第4章−3 異世界のパンツは薄いです(3)

 リニー少年が、慣れた手つきで、空だったグラスにワインを注いでいく。

 ホント、びっくりするくらい優秀で、よくできた子どもだ。


 食事を運んできたメイドたちは、すでに退散していた。

 部屋にはオレとエルドリア王太子に、給仕をしているリニー少年の三人だけとなっている。

 とても静かだった。


 うら若い女性たちに、この姿を晒し続けるという事態にならなかったのが、唯一の救いだろう。


「こちらの世界では、食事前に乾杯などするのだろうか?」

「ええ。マオ様、このように」


 そう言いながら、エルドリア王太子はグラスを目の前に掲げ上げる。


「このひと時に乾杯」

「……このひと時に乾杯」


 オレも同じ言葉を繰り返し言ってみる。


 エルドリア王太子はにっこりと微笑むと、グラスに軽く口をつける。


 ……飲み干す必要はないようだ。


 そうして、異世界召喚されて最初のお食事体験となったのである。

 

 オレとエルドリア王太子は軽く談笑しながら、豪華な食事をとる。

 リニー少年は、給仕として壁際に控え、存在を消している。

 

 味も盛り付けも悪くないね。

 ワインも芳醇で豊かな味わいだった。


 しかし、カトラリーの種類が、オレのいた世界の倍くらいあるのには驚いたよ。

 一回の食事に、これを全部使うのかとおもうと、少しばかりげんなりする。


 オレはエルドリア王太子の作法を観察しながら、それを真似るようにして、カトラリーを選んでいき、食事をつづける。


 元の世界のとある地域では、上流階級の作法として、皿を空にするのは浅ましく恥ずかしいとされていた。一口、二口分くらい残すというのがマナーとなっている。


 その残りを下男、下女が頂くという、富めるものが、貧しい者に分け与えるというのが、もともとの発端だったとか。


 こちらの世界では、そういうものはないらしい。


 むしろ、残してしまったらシェフの首がどうかなりそうなので、オレはがんばって完食をめざす。


 オレは食事を必要としない体質だが、味覚はしっかりとあるので、味を楽しむということはできる。
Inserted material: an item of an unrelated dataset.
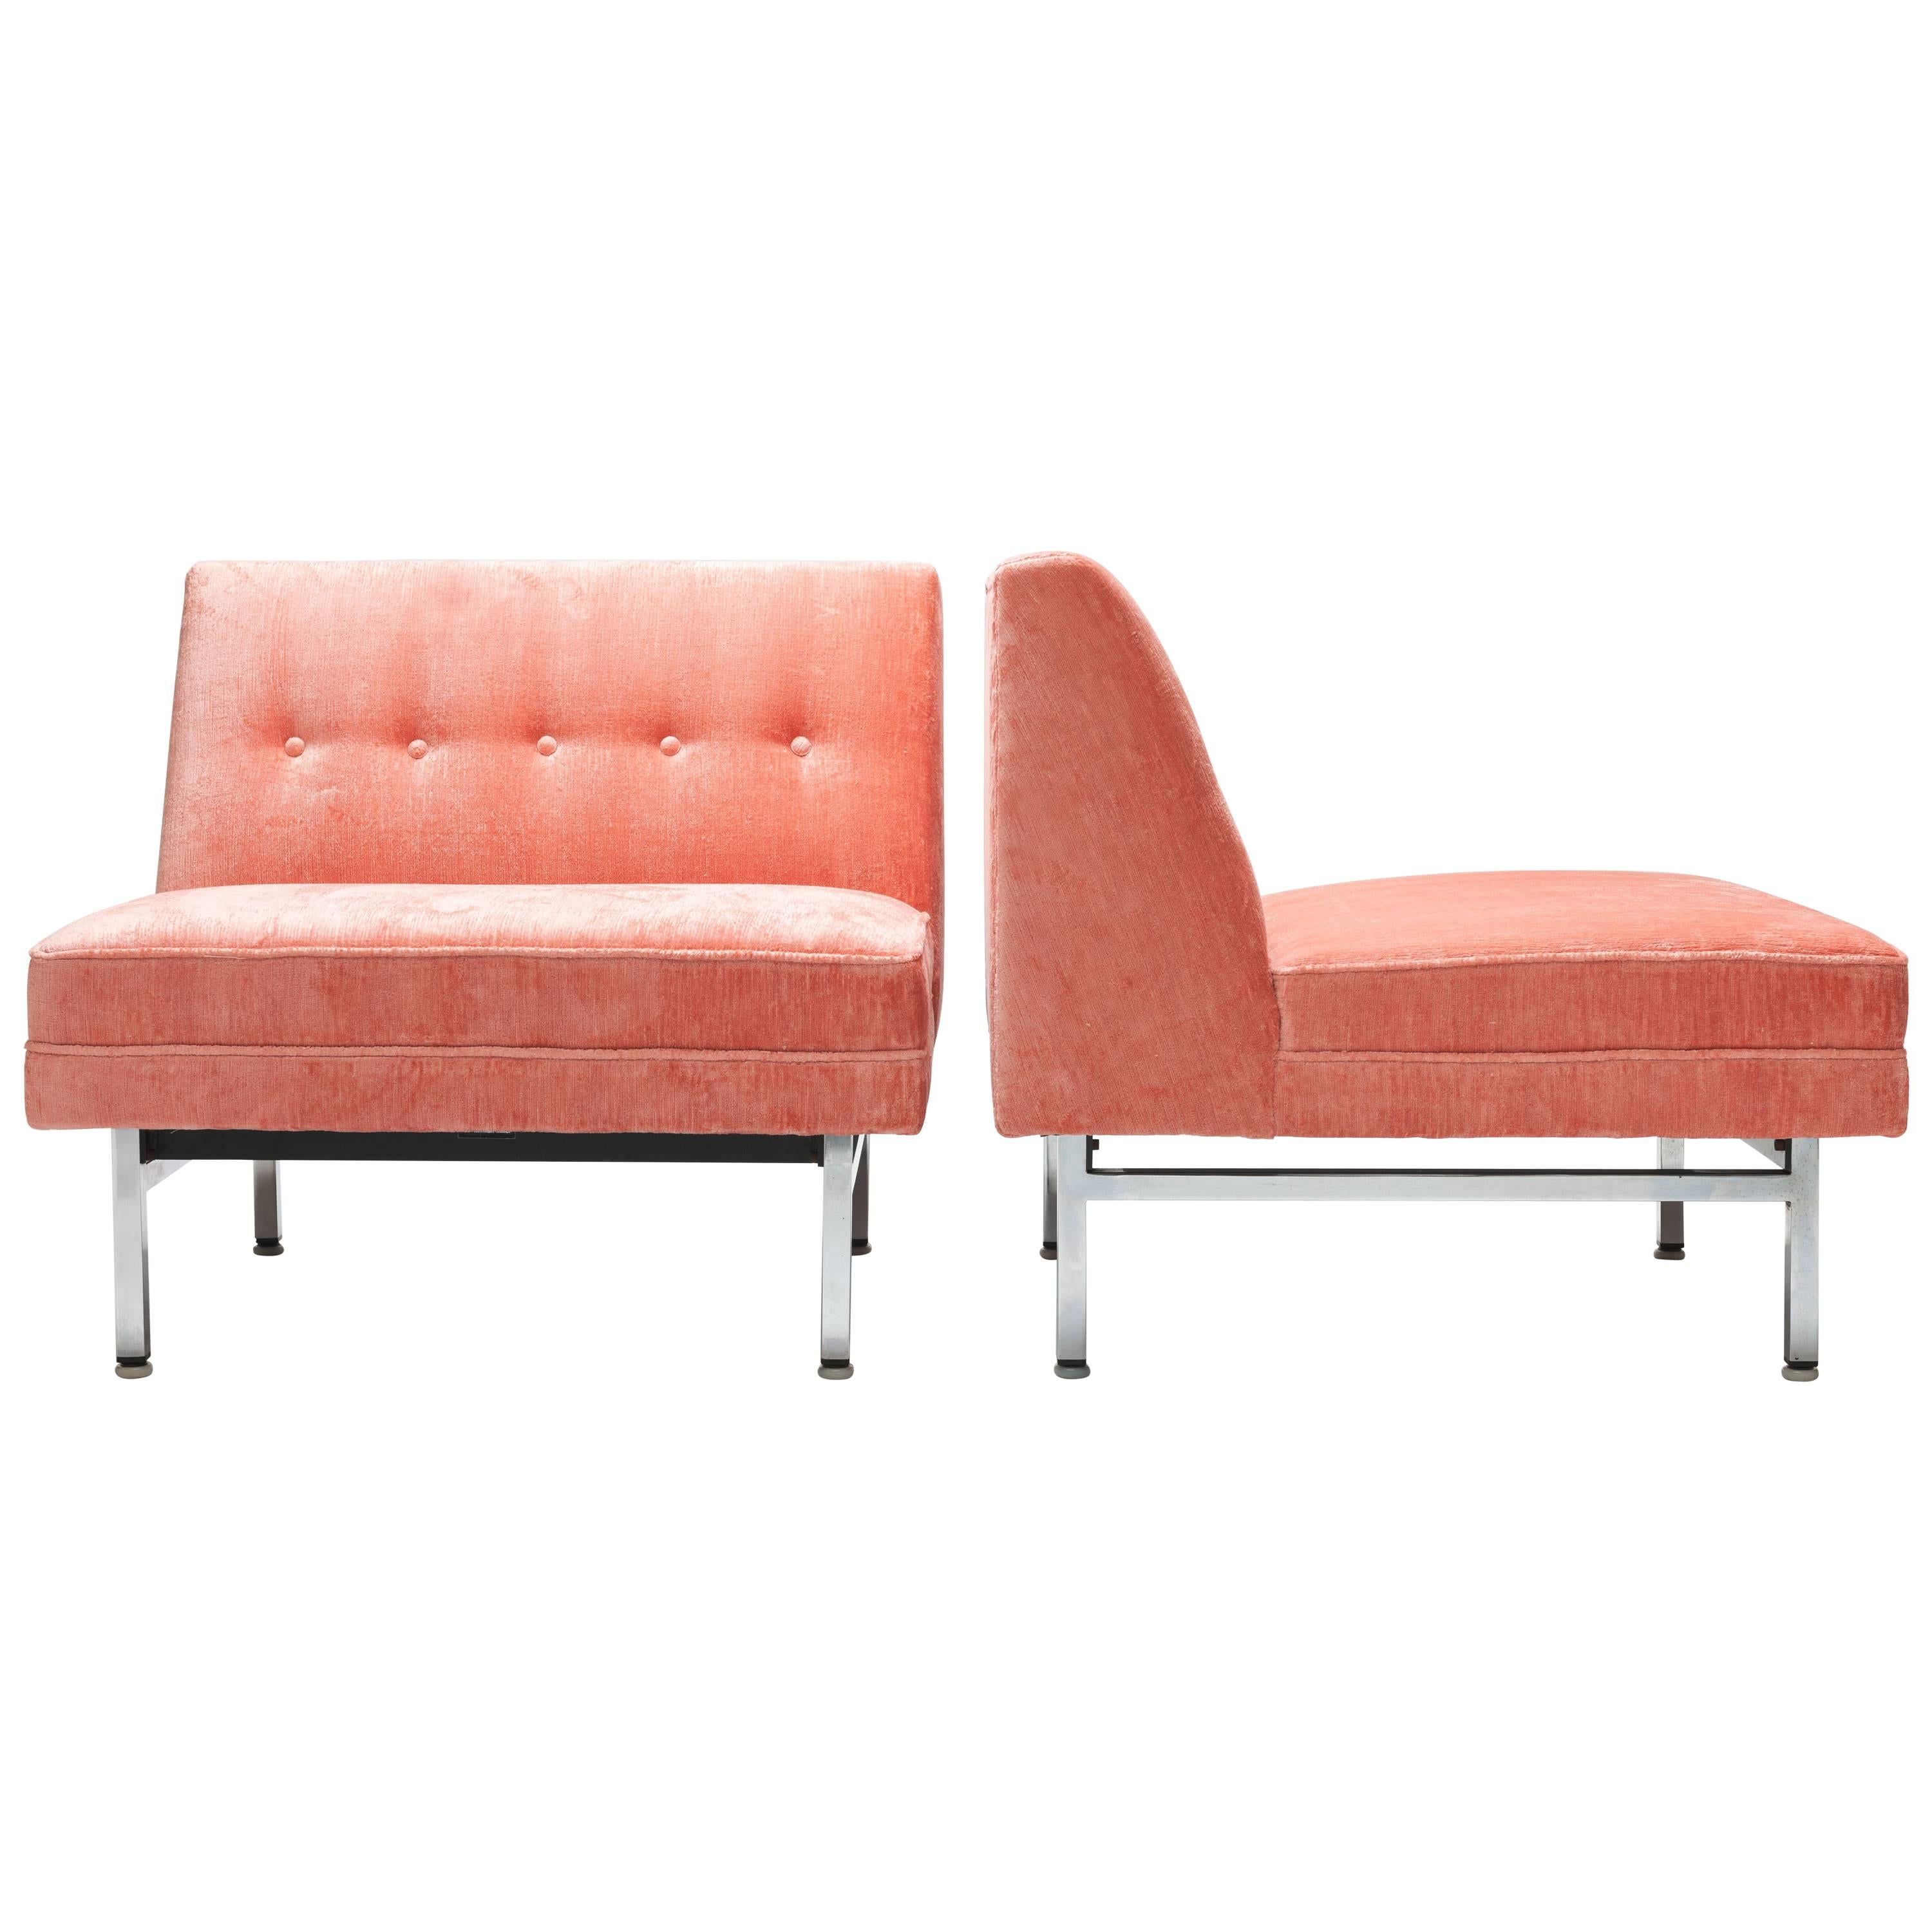 Pink George Nelson Modular Seating Series Chair by Herman Miller

 食べなくても生きていけるし、逆に食べたからって死んでしまうわけでもない。


 食事をすることで円滑な関係を築けるのなら、会食も悪いことではない。


 しばらくすると、エルドリア王太子がオレの意図を察したのか、途中からさらにゆっくりとした仕草とペースでカトラリーを扱うようになっていた。


 やはり、異世界というだけあって、若干、元いた世界と礼儀作法に違いがある。


 あと、二、三回、エルドリア王太子の所作をコピーすれば、会食のマナーはマスターするだろう。


 晩餐には問題なく出席できるようになるはずだ。

 もちろん、招待されれば、の話ではあったが。


 気はあまりすすまないが、王族との接点がエルドリア王太子だけ、というのもまずいのではないかと思う。


 オレの意向も確認せずに、勝手に召喚されたことには腹が立っているよ。

 腹が立つとはいえ、いきなり敵意むき出しで、真っ向対立をすることもないだろうけどね。


 無駄で無意味な争いは疲弊するだけなので、できれば避けたい。

 だからといって、必要以上に仲良くするのにもためらいがあるんだよ。

 王家との関わり方を決めるためにも、一刻も早く、なるたけ正確で、客観的なこの世界の情報を手に入れたいものだ。